What the task asks:
What is needed is every line from the one holding "Hand nail tips" to the last line of the data below, printed exactly and without pictures.

Dataset excerpt Block Start

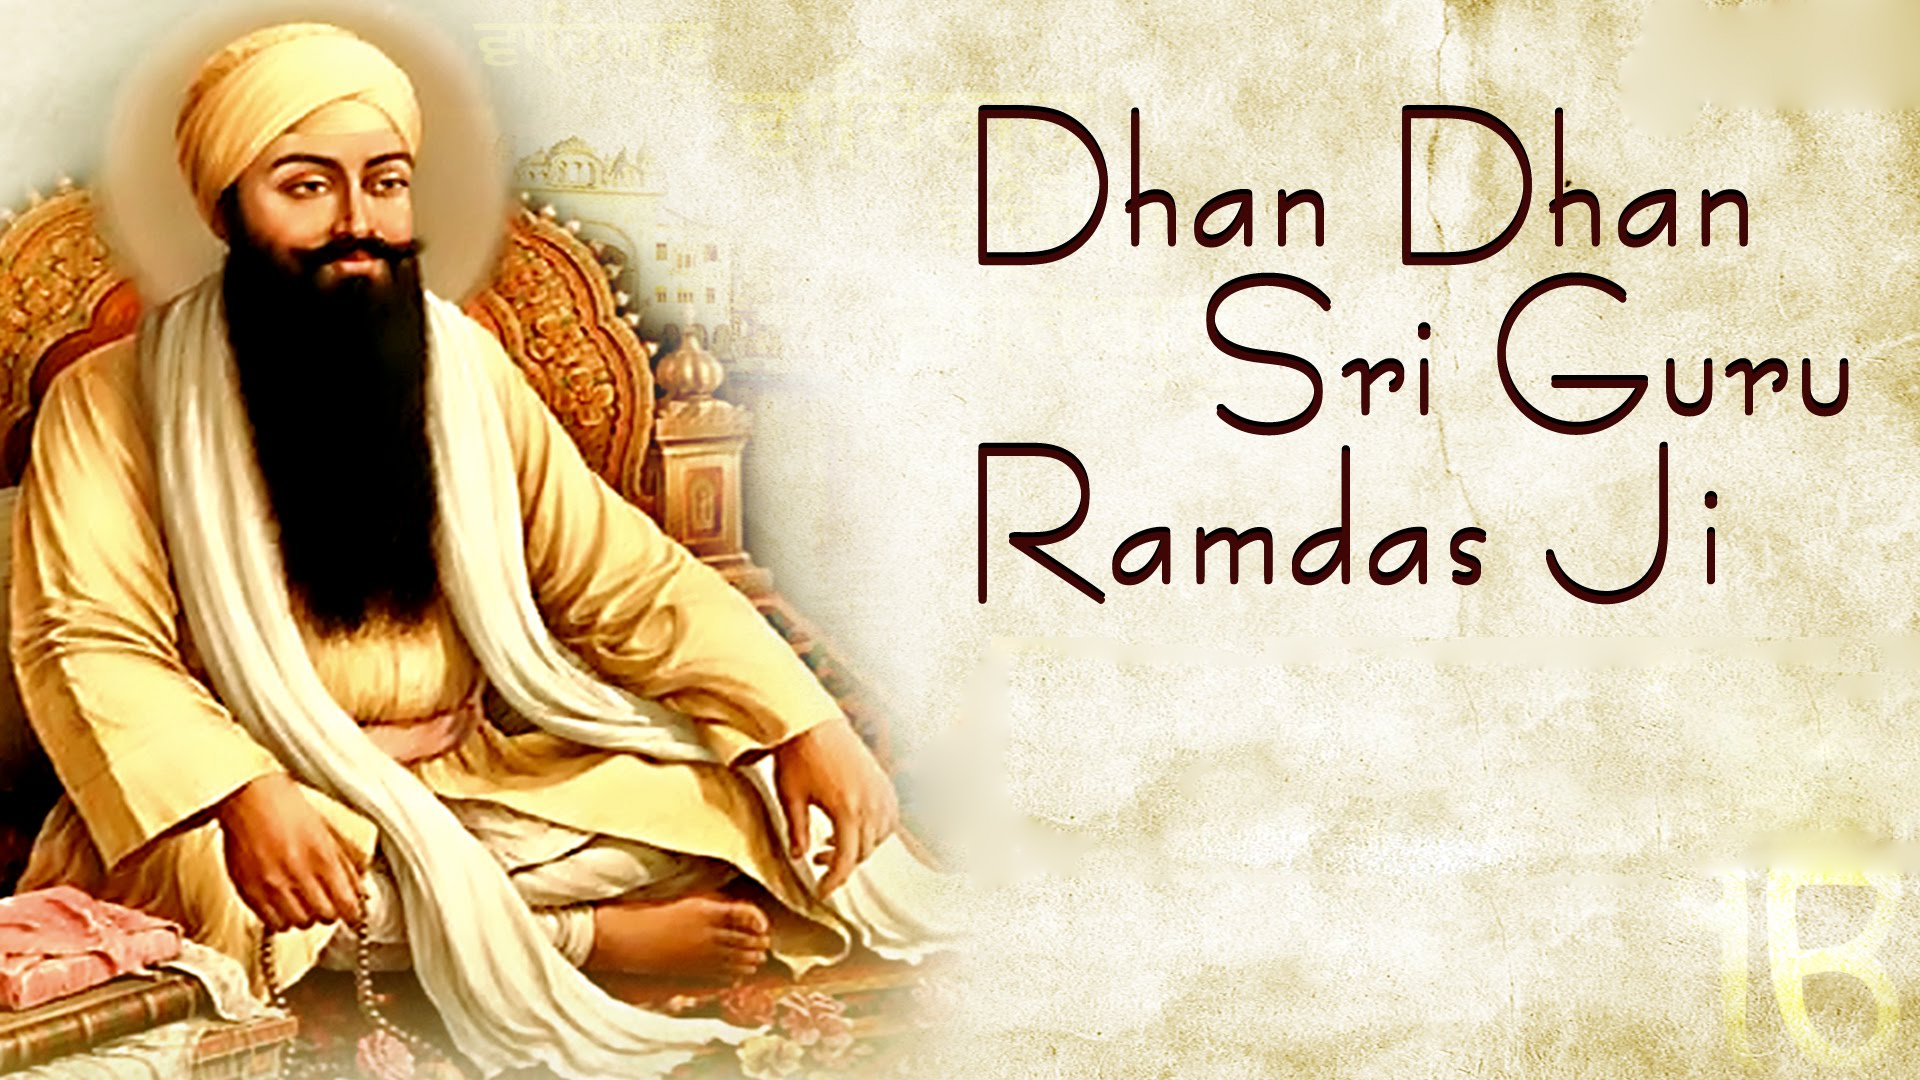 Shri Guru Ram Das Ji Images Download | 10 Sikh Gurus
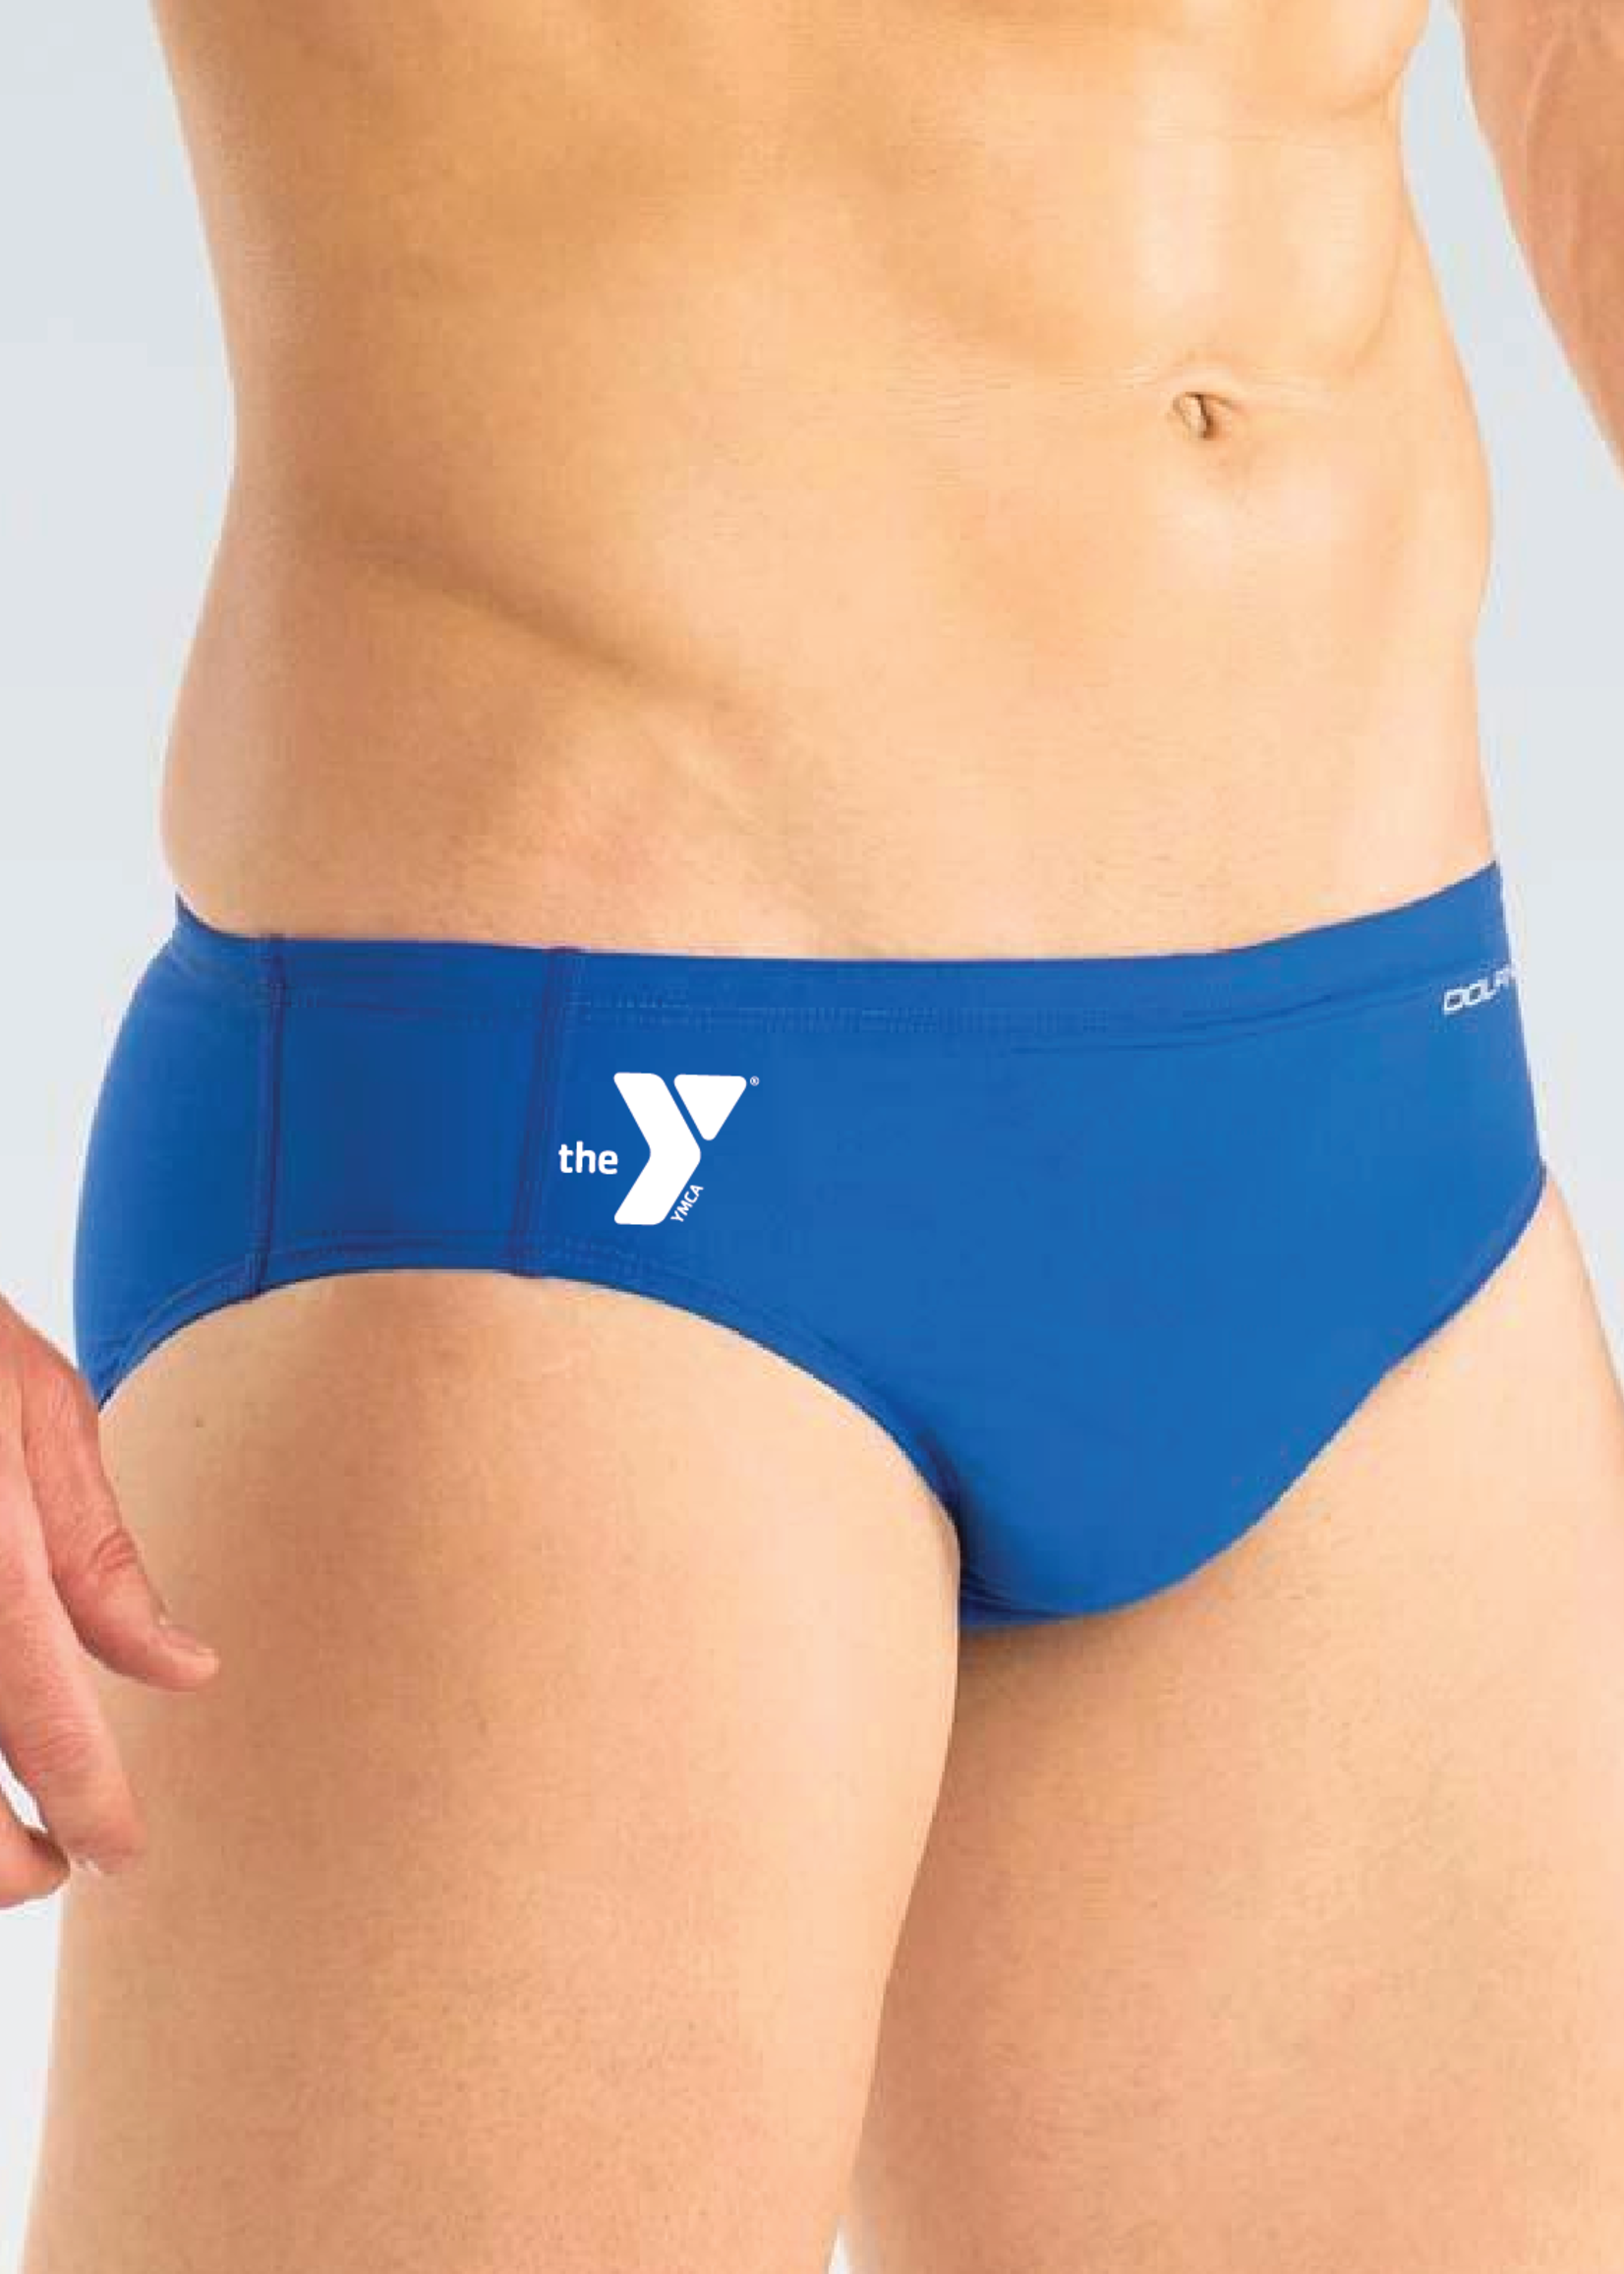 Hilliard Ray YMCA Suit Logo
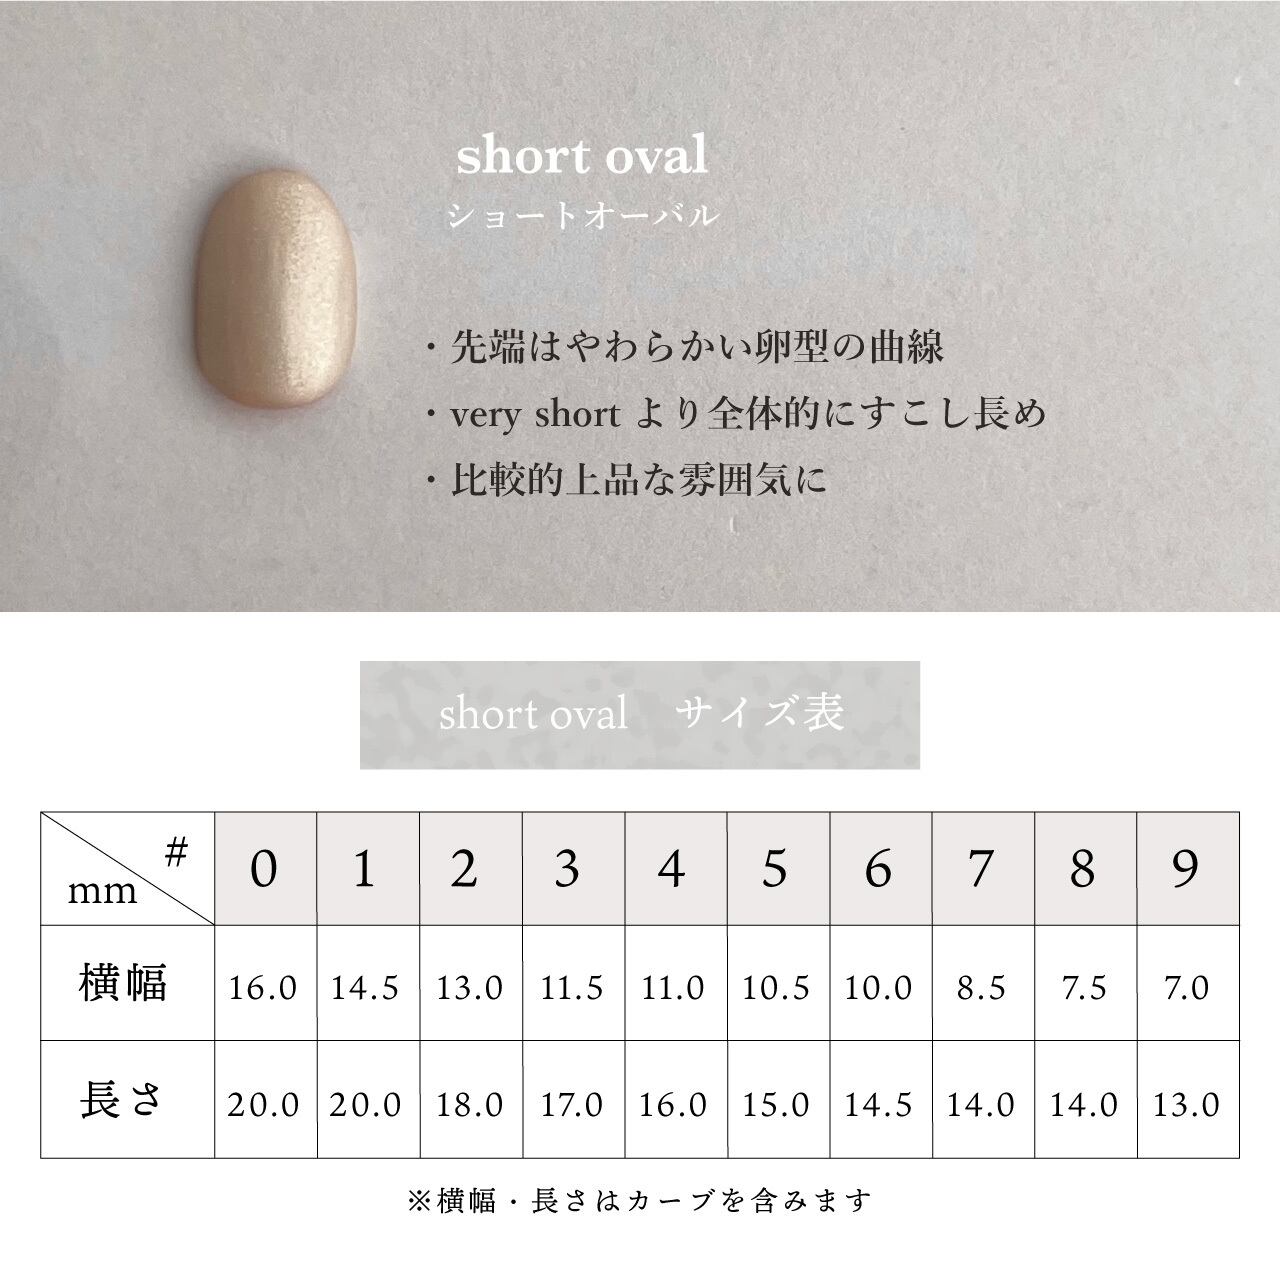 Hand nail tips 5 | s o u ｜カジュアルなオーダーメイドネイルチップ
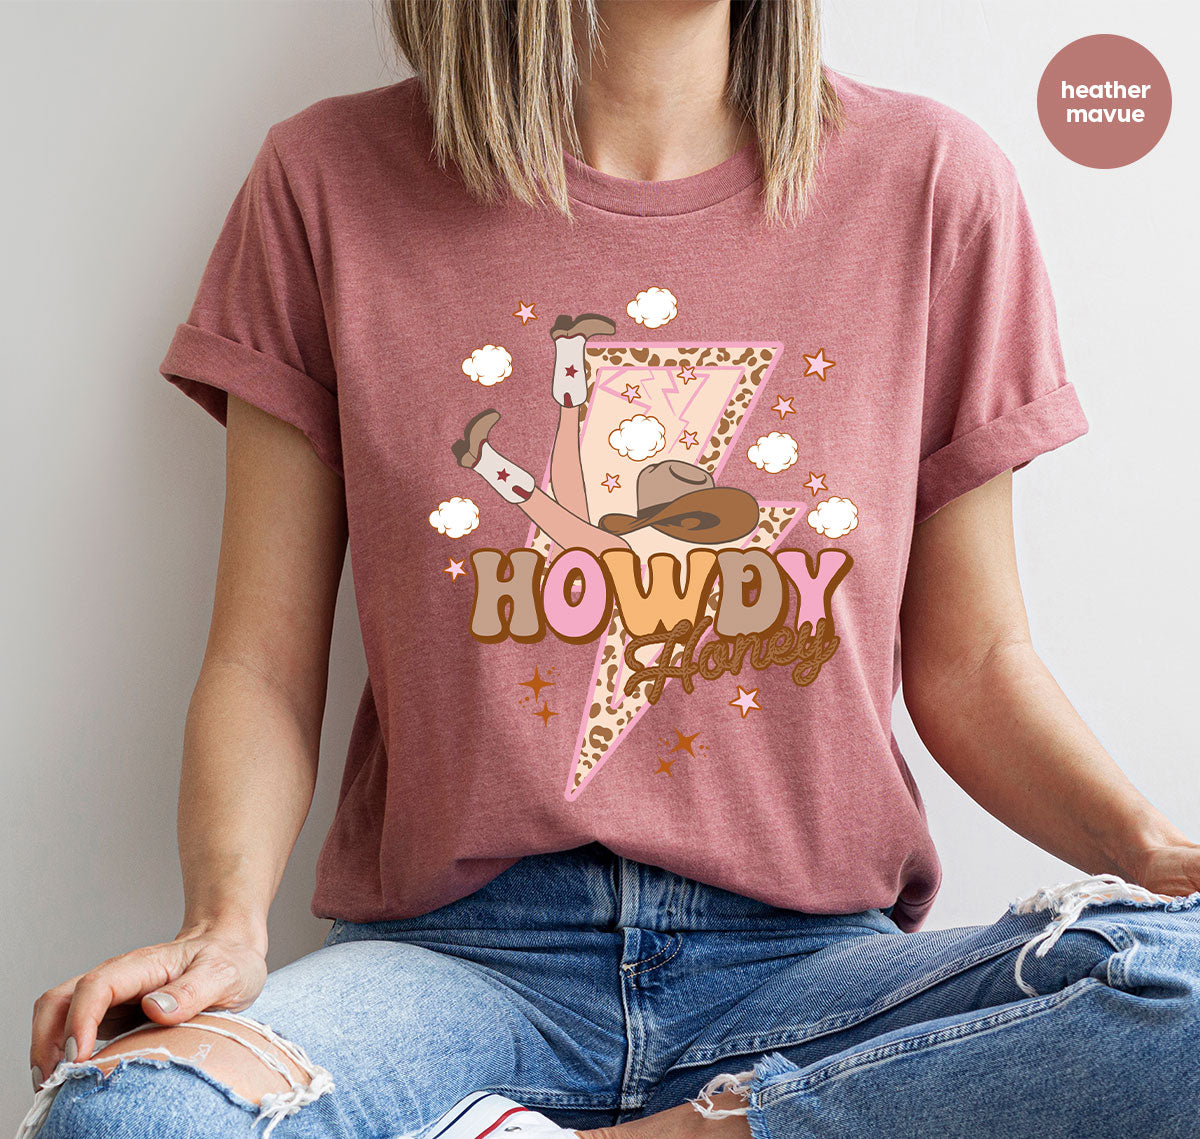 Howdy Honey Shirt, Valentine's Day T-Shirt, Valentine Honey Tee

Dataset excerpt Block End

Your response:
 Hand nail tips 5 | s o u ｜カジュアルなオーダーメイドネイルチップ
 Howdy Honey Shirt, Valentine's Day T-Shirt, Valentine Honey Tee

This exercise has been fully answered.